Let $\mathbf{F}$ be the intersection of line EM with $m$. [Assuming that they DO intersect!]
Let $\mathrm{F}$ be the foot of the perpendicular from $\mathrm{M}$ to $m$.

[Note: Don’t forget to show that E, M, and F are collinear.]

3. Let $\mathrm{F}$ be the foot of the perpendicular from A to line EM.

Let $\mathrm{F}$ be the point along ray $\mathrm{AC}$ with $\mathrm{AF} \cong \mathrm{BE}$.
Let $\mathrm{F}$ be the point along ray $\mathrm{EM}$ with $\mathrm{MF} \cong \mathrm{ME}$.
Let $\mathrm{F}$ be the (correct) intersection of circles (A; BE) and (M; ME); i.e., the circles centered at A of radius $\mathrm{BE}$ and at $\mathrm{M}$ of radius ME.

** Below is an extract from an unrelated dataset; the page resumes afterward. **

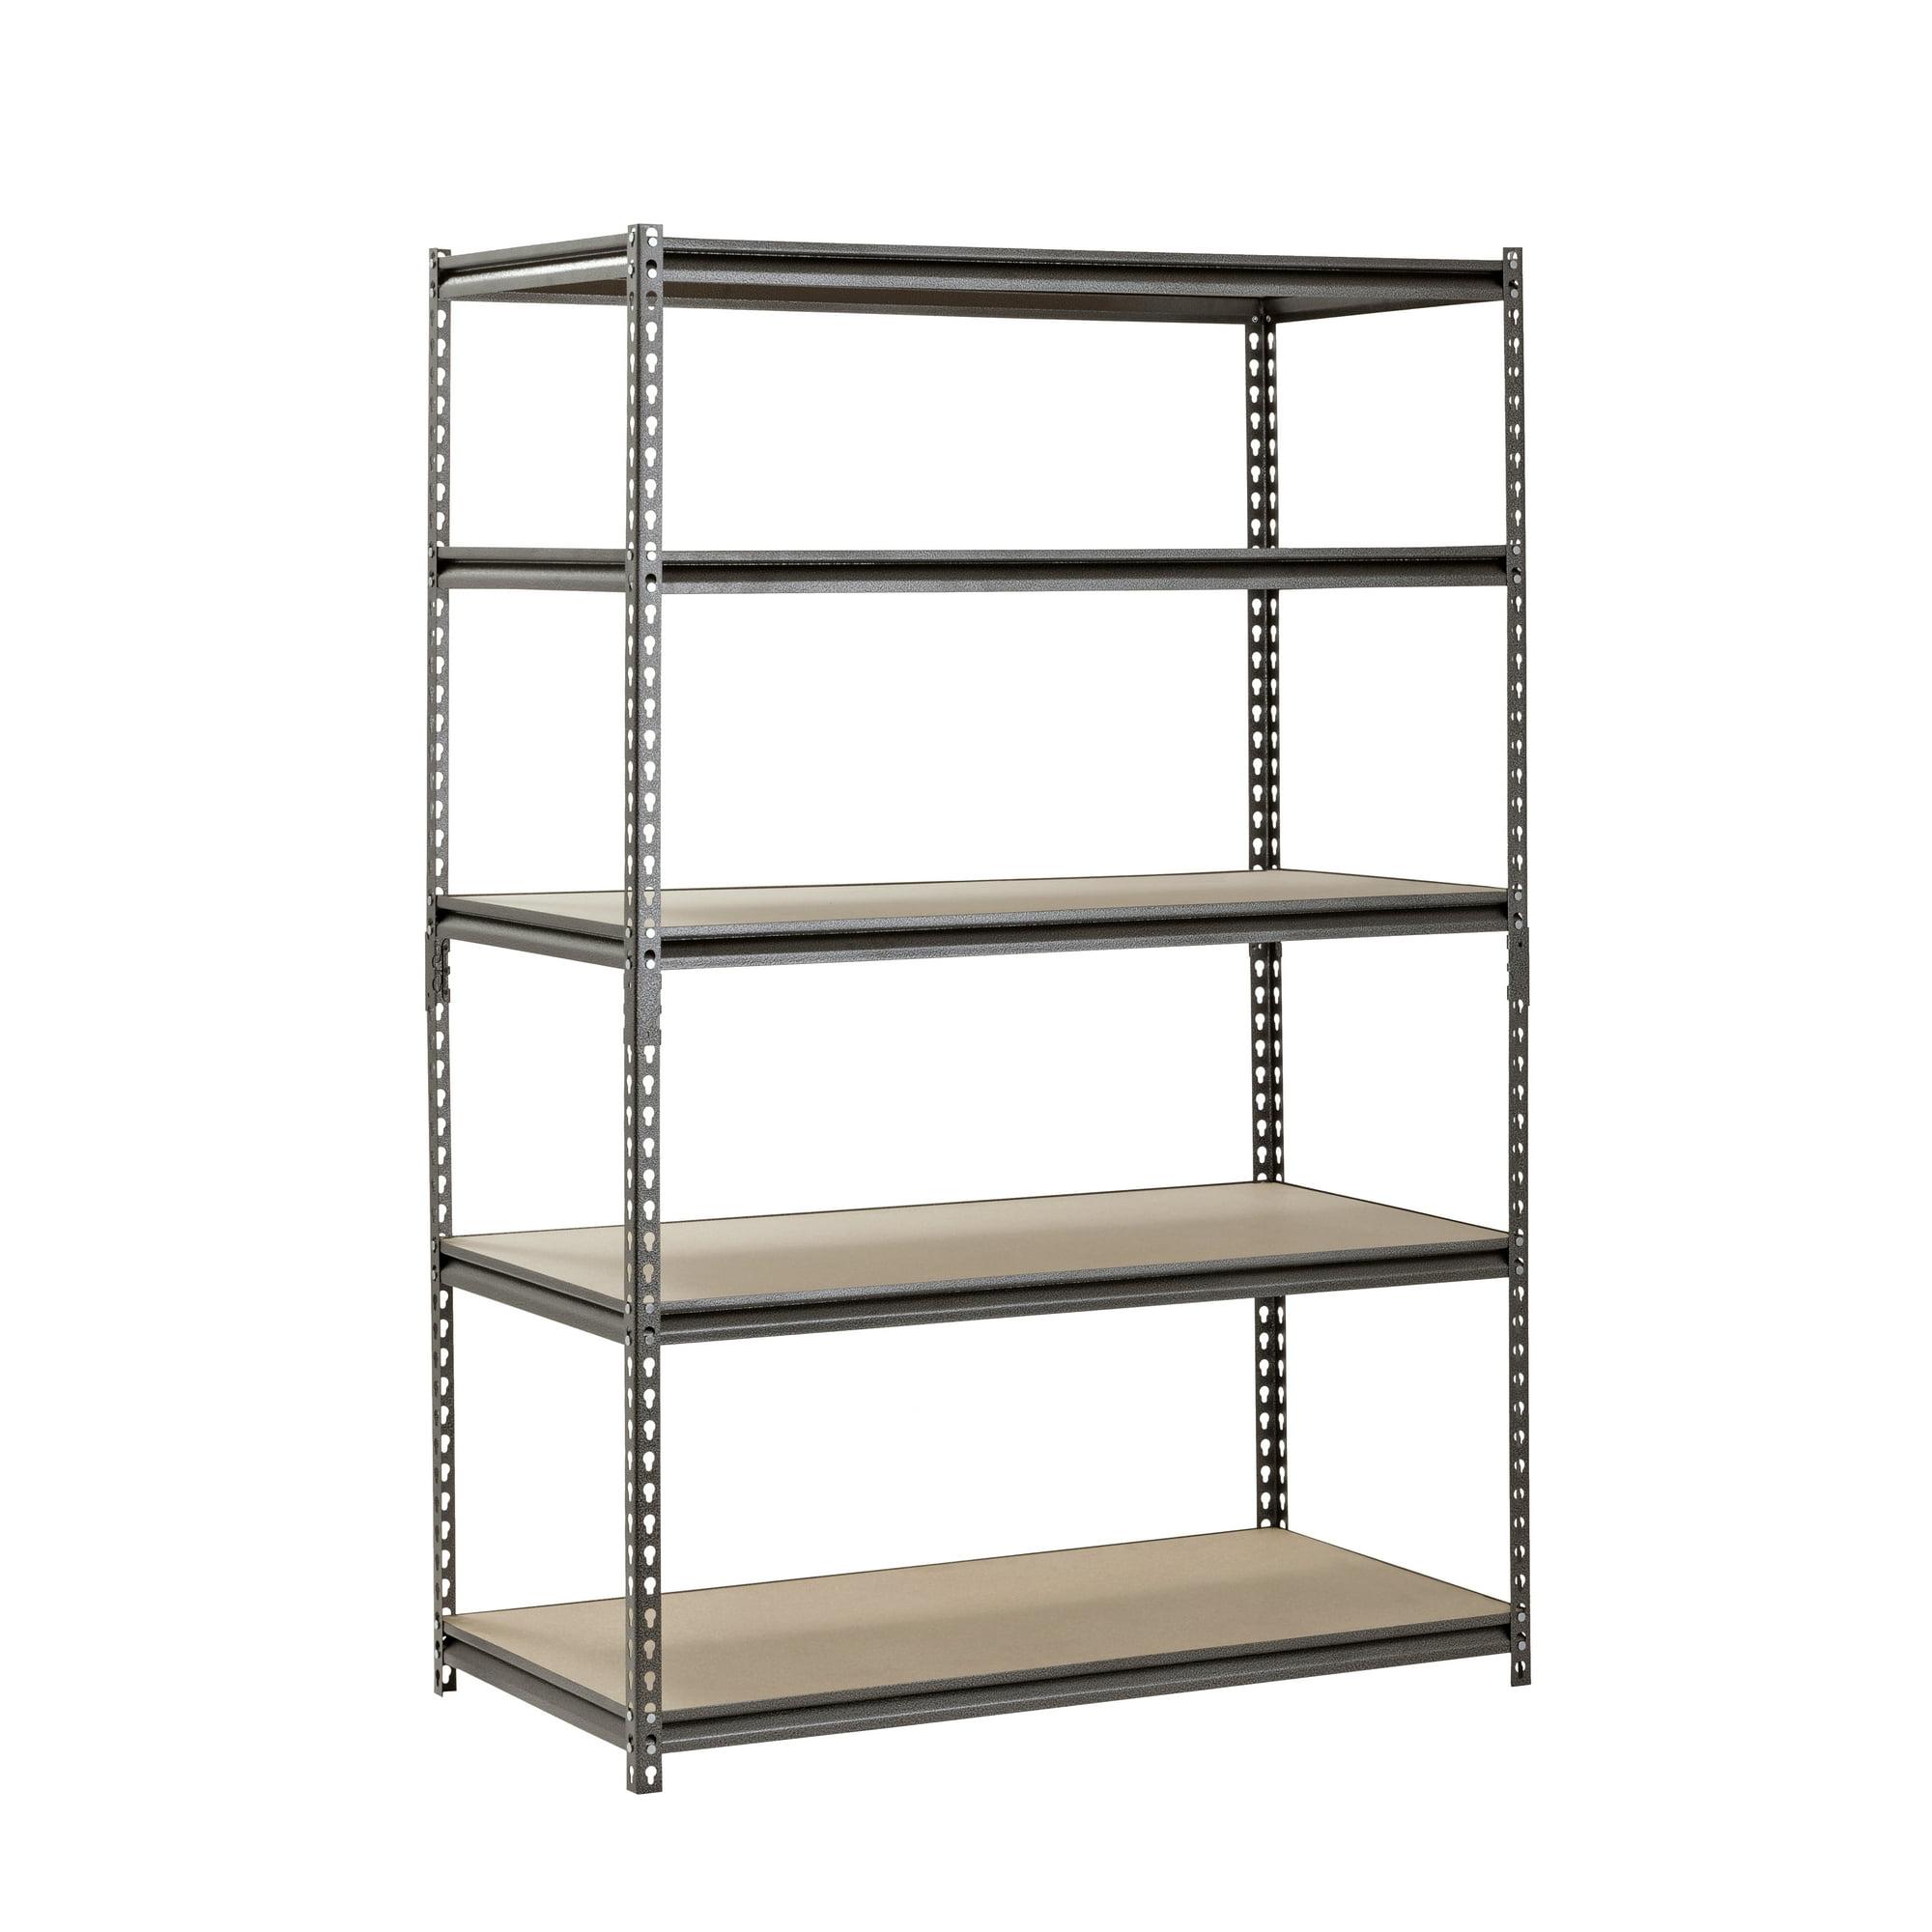 Muscle Rack 48"W x 24"D x 72"H 5-Shelf Steel Freestanding Shelves, Silver

Note: It is preferable to use fewer symbols but well-chosen words in stating mathematical results; it focuses more on the concepts instead of their specific presentation. Exs. 7-10 repeat four of Exs 1-6 exhibiting that philosophy.

7. Use SAS to prove that if a transversal to two lines forms a pair of congruent alternate interior angles, then the lines have a common perpendicular.

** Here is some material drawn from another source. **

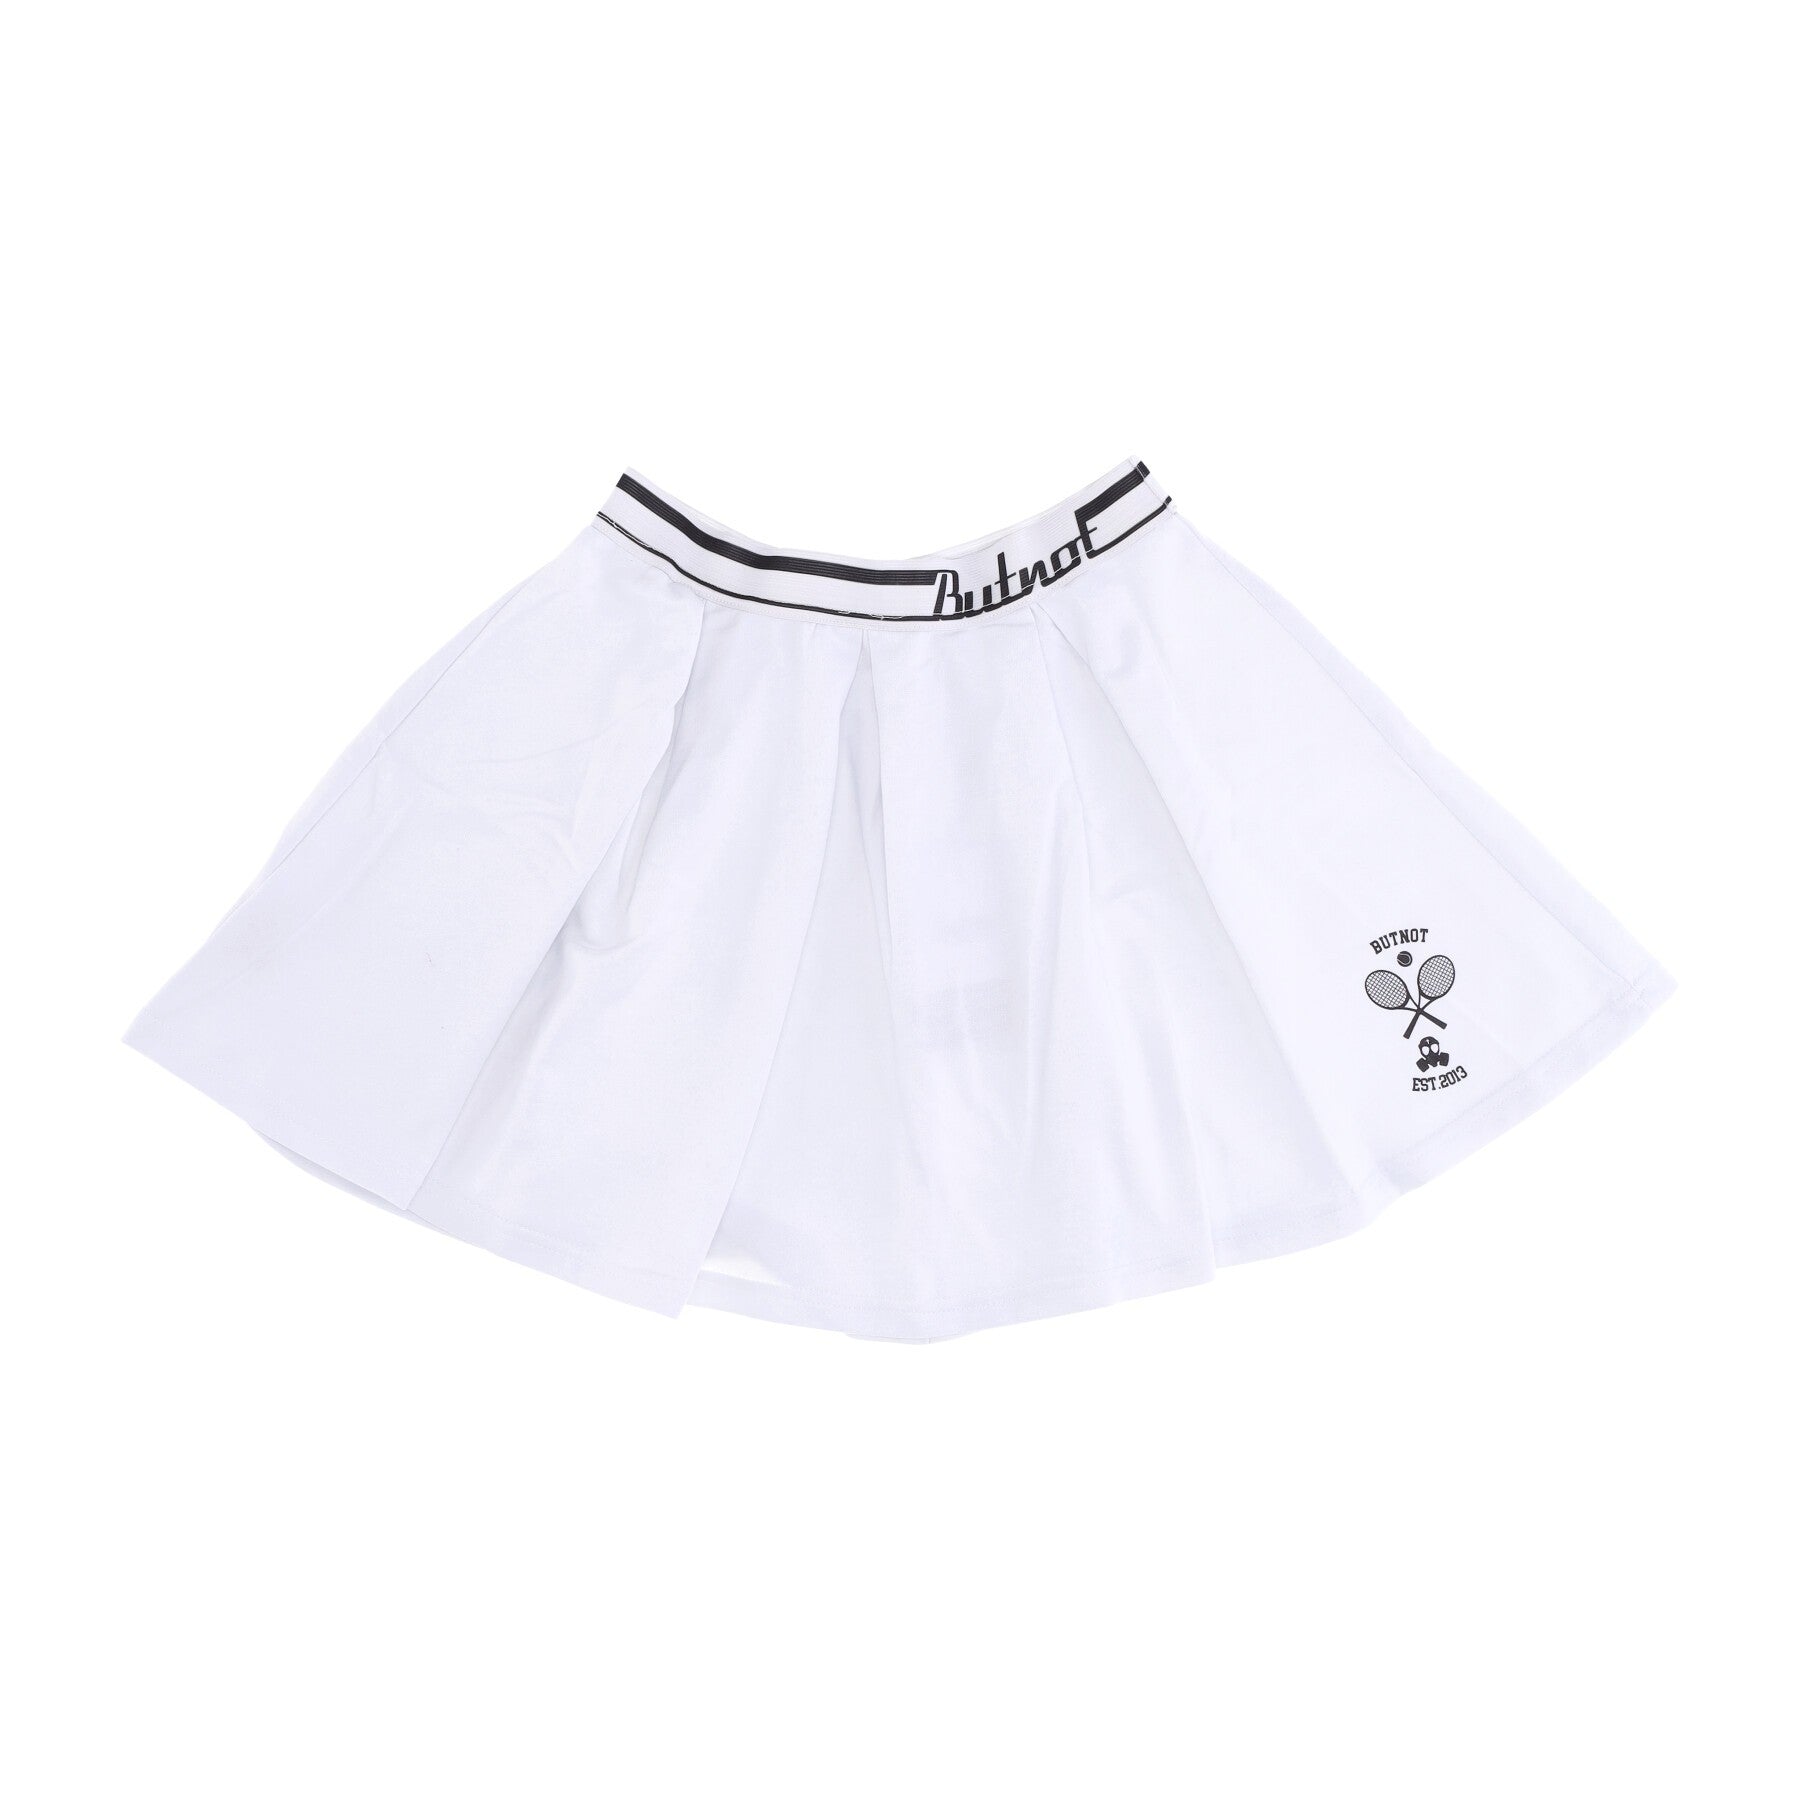 Short Skirt Women's Tennis Skirt

Use ASA to prove that if a transversal to two lines forms a pair of congruent alternate interior angles, then the lines have a common perpendicular.
Use AAS to prove that if a transversal to two lines forms a pair of congruent alternate interior angles, then the lines have a common perpendicular.
Use SSS to prove that if a transversal to two lines forms a pair of congruent alternate interior angles, then the lines have a common perpendicular.
(In a sense, the converse of each of these 1-10) Prove that if a line is a common perpendicular to two other lines, any transversal to the lines that passes through the midpoint of the segment determined by the common perpendicular forms congruent alternate interior angles.

In Exs 12-16, assume $\mathrm{ABCD}$ to be a Saccheri quadrilateral with summit $\mathrm{AD}$ and prove that line MN is the perpendicular bisector of both the base and the summit where the new figure is determined by the information given in each exercise. Include an appropriate, competent sketch for each with all of the given information indicated as well as auxiliary points and segments you use but do not indicate any information about them that has to be proved.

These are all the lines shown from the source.